Concepts¶
This section covers the core concepts and design decisions behind the Sentinel Auth. Each page dives deep into a specific area of the system.
Tutorial¶
A step-by-step guide to building a "Team Notes" app that demonstrates authentication, workspace isolation, role enforcement, custom RBAC, and entity-level permissions. Start here if you want to integrate the SDK into your own app.
Architecture¶
How the service is structured, why we chose each technology, and how the major components fit together. Includes the full entity-relationship diagram and system topology.
Authentication¶
The OAuth2/OIDC login flow from browser redirect through provider callback to JWT issuance. Covers all three supported identity providers (Google, GitHub, Microsoft Entra ID) and how Authlib handles the heavy lifting.
JWT Tokens¶
Access and refresh token structure, RS256 signing, claim contents, token lifecycle, and the refresh rotation mechanism with reuse detection. Explains how revocation works via the Redis-backed jti denylist.
Workspaces¶
The tenant isolation boundary.

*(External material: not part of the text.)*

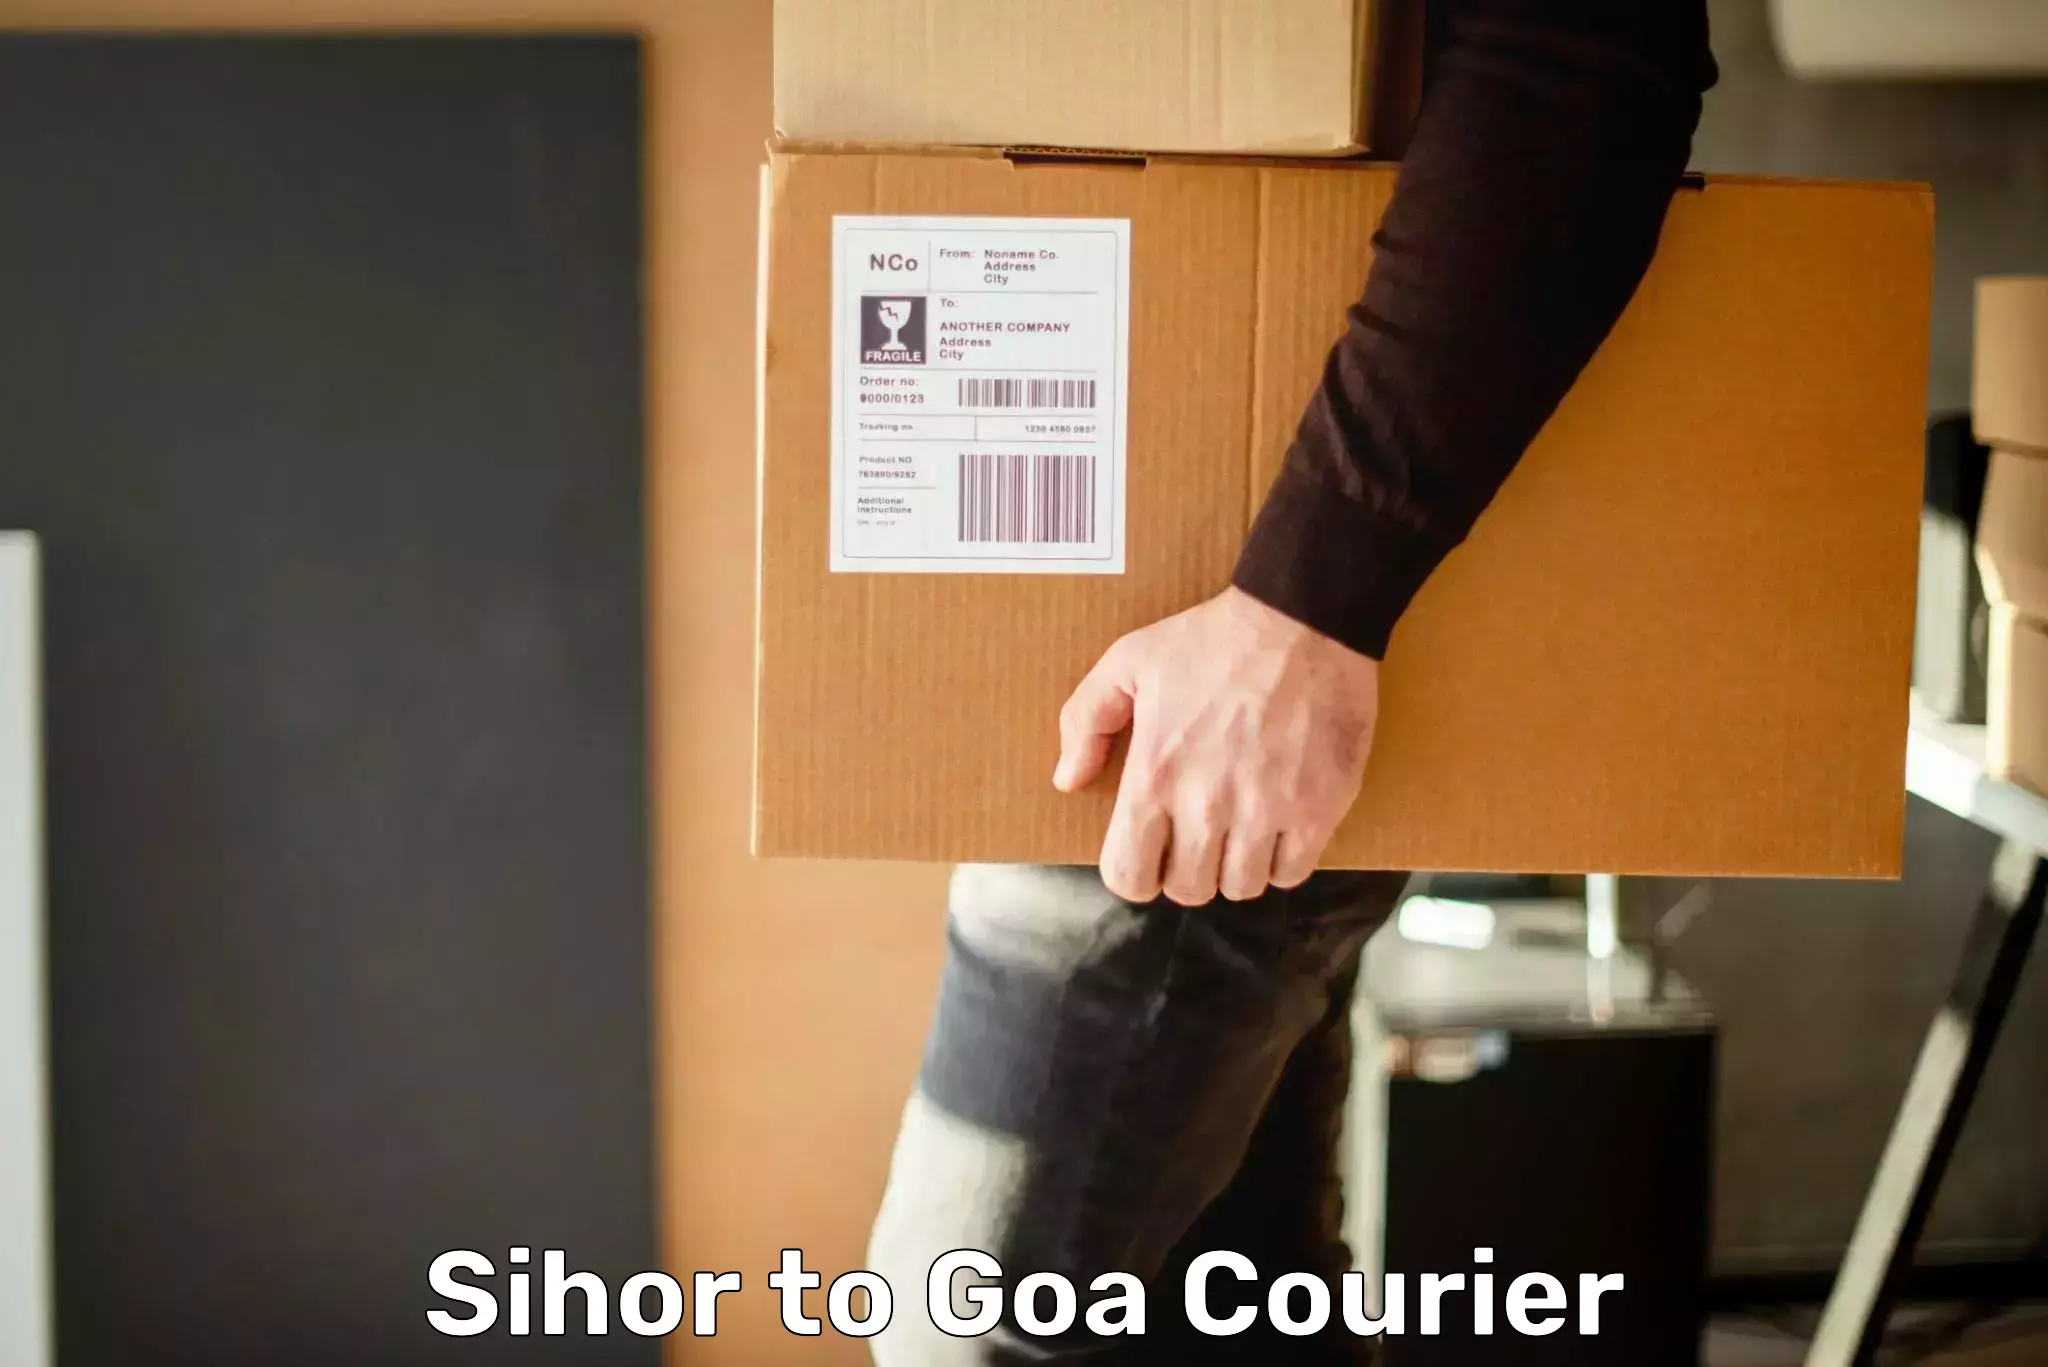 24-hour courier service Sihor to Goa

Covers workspace CRUD, slug constraints, member management, and the four-tier role hierarchy (Owner, Admin, Editor, Viewer) with a full permissions matrix.
Groups¶
Named collections of users within a workspace. Groups simplify permission grants by letting you share resources with an entire team instead of individual users. Group IDs are embedded in JWT claims for fast resolution.
Permissions¶
The Zanzibar-style permission system with its three-tier architecture: workspace roles (stateless, from JWT), custom RBAC roles (action-based, service call), and entity-level ACLs (service call). Covers the 7-step check_permission resolution algorithm, visibility modes, and share types.
Custom Roles (RBAC)¶
NIST Core RBAC as a third authorization layer between workspace roles and entity ACLs. Services register actions, admins organize them into named roles within workspaces, and users are assigned to roles. Action checks are real-time database queries -- revoking a role takes effect immediately.
Service-to-Service Auth¶
How consuming applications authenticate with the Identity Service using X-Service-Key headers. Covers the dual-auth and service-only auth tiers, dev mode bypass, and key generation.
Admin Panel¶
The administrative interface for platform operators. Covers the dashboard, user and workspace management, activity logs, CSV import, and the admin authentication flow.